Recommended platforms

Platform Supported Recommended
STM32L0 [] []
STM32L4 [x] []
STM32U5 [x] []
STM32H7 [x] [x]
STM32MP1 [x] [x]
STM32MP2 [x] [x]
STM32N6 [x] [x]



  • Measures are done with default STM32Cube.AI configuration with enabled input / output allocated option.
  • tfs stands for "training from scratch", meaning that the model weights were randomly initialized before training.
  • tl stands for "transfer learning", meaning that the model backbone weights were initialized from a pre-trained model, then only the last layer was unfrozen during the training.
  • fft stands for "full fine-tuning", meaning that the full model weights were initialized from a transfer learning pre-trained model, and all the layers were unfrozen during the training.

Reference NPU memory footprint on food-101 and ImageNet dataset (see Accuracy for details on dataset)

Model Dataset Format Resolution Series Internal RAM External RAM Weights Flash STM32Cube.AI version STEdgeAI Core version
MobileNet v1 0.25 fft food-101 Int8 224x224x3 STM32N6 588 0.0 321.66 10.0.0 2.0.0
MobileNet v1 0.5 fft food-101 Int8 224x224x3 STM32N6 588 0.0 1025.63 10.0.0 2.0.0
MobileNet v1 1.0 fft food-101 Int8 224x224x3 STM32N6 1568 0.0 3649.97 10.0.0 2.0.0
MobileNet v1 0.25 ImageNet Int8 224x224x3 STM32N6 588 0.0 549.88 10.0.0 2.0.0
MobileNet v1 0.5 ImageNet Int8 224x224x3 STM32N6 588 0.0 1478.58 10.0.0 2.0.0
MobileNet v1 1.0 ImageNet Int8 224x224x3 STM32N6 1568 0.0 4552.42 10.0.0 2.0.0

Reference NPU inference time on food-101 and ImageNet dataset (see Accuracy for details on dataset)

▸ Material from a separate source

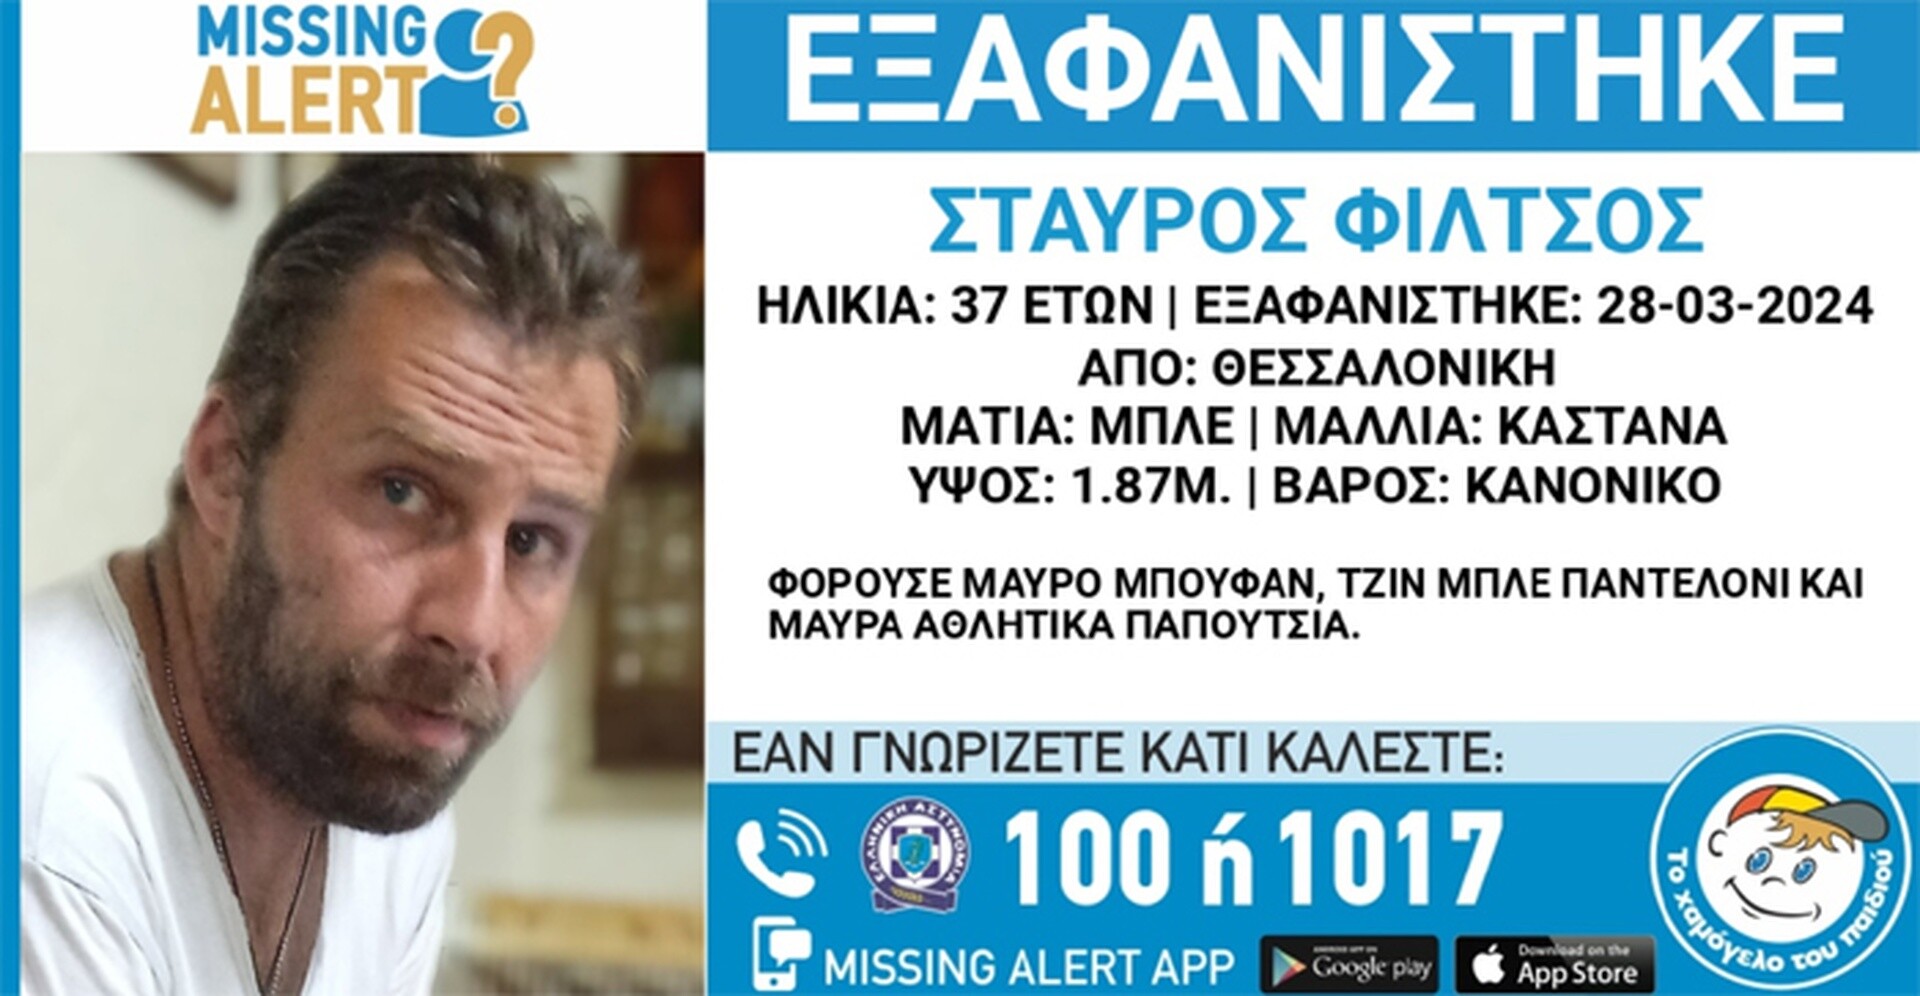 Missing alert στη Θεσσαλονίκη: Συναγερμός για την εξαφάνιση 37χρονου

Model Dataset Format Resolution Board Execution Engine Inference time (ms) Inf / sec STM32Cube.AI version STEdgeAI Core version
MobileNet v1 0.25 fft food-101 Int8 224x224x3 STM32N6570-DK NPU/MCU 2.83 353.36 10.0.0 2.0.0
MobileNet v1 0.5 fft food-101 Int8 224x224x3 STM32N6570-DK NPU/MCU 6.06 165.02 10.0.0 2.0.0
MobileNet v1 1.0 fft food-101 Int8 224x224x3 STM32N6570-DK NPU/MCU 16.94 59.03 10.0.0 2.0.0
MobileNet v1 0.25 food-101 Int8 224x224x3 STM32N6570-DK NPU/MCU 3.57 280.11 10.0.0 2.0.0
MobileNet v1 0.5 food-101 Int8 224x224x3 STM32N6570-DK NPU/MCU 7.38 135.50 10.0.0 2.0.0
MobileNet v1 1.0 food-101 Int8 224x224x3 STM32N6570-DK NPU/MCU 19.41 51.53 10.0.0 2.0.0

Reference MCU memory footprint based on Flowers dataset and ImageNet dataset (see Accuracy for details on dataset)

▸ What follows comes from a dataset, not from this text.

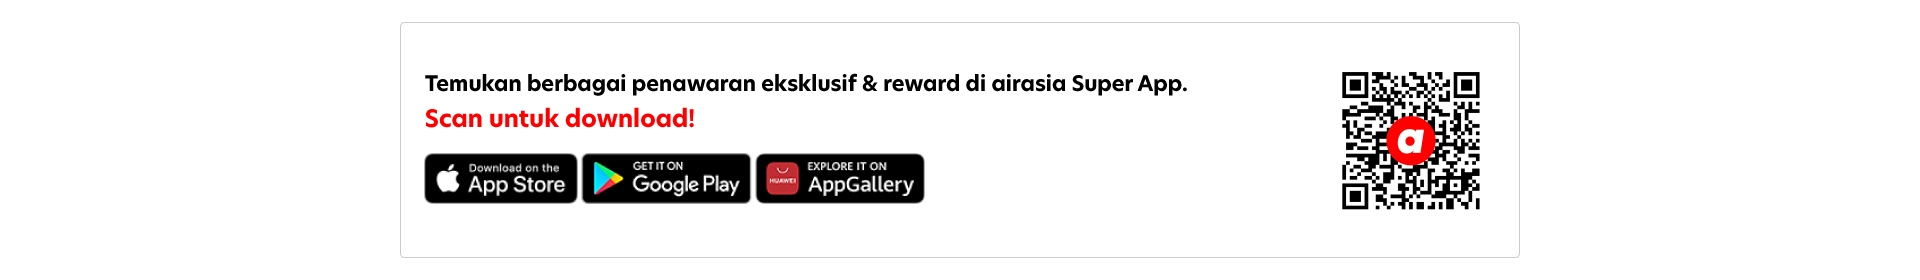 Download_airasia_Super_App_ID

Model Format Resolution Series Activation RAM Runtime RAM Weights Flash Code Flash Total RAM Total Flash STM32Cube.AI version
MobileNet v1 0.25 fft Int8 224x224x3 STM32H7 272.96 KiB 16.38 KiB 214.69 KiB 68.05 KiB 289.34 KiB 282.74 KiB 10.0.0
MobileNet v1 0.5 fft Int8 224x224x3 STM32H7 449.58 KiB 16.38 KiB 812.61 KiB 81.46 KiB 465.96 KiB 894.02 KiB 10.0.0
MobileNet v1 0.25 fft Int8 96x96x3 STM32H7 66.96 KiB 16.33 KiB 214.69 KiB 68 KiB 83.29 KiB 282.69 KiB 10.0.0
MobileNet v1 0.25 tfs Int8 96x96x1 STM32H7 52.8 KiB 16.33 KiB 214.55 KiB 70.27 KiB 69.13 KiB 284.82 KiB 10.0.0
MobileNet v1 0.25 Int8 224x224x3 STM32H7 272.96 KiB 16.43 KiB 467.33 KiB 70.02 KiB 283.63 KiB 537.35 KiB 10.0.0
MobileNet v1 0.5 Int8 224x224x3 STM32H7 431.07 KiB 16.43 KiB 1314 KiB 83.38 KiB 447.5 KiB 1397.38 KiB 10.0.0
MobileNet v1 1.0 Int8 224x224x3 STM32H7 1331.13 KiB 16.48 KiB 4157.09 KiB 110.11 KiB 1347.61 KiB 4267.2 KiB 10.0.0

Reference MCU inference time based on Flowers dataset and ImageNet dataset (see Accuracy for details on dataset)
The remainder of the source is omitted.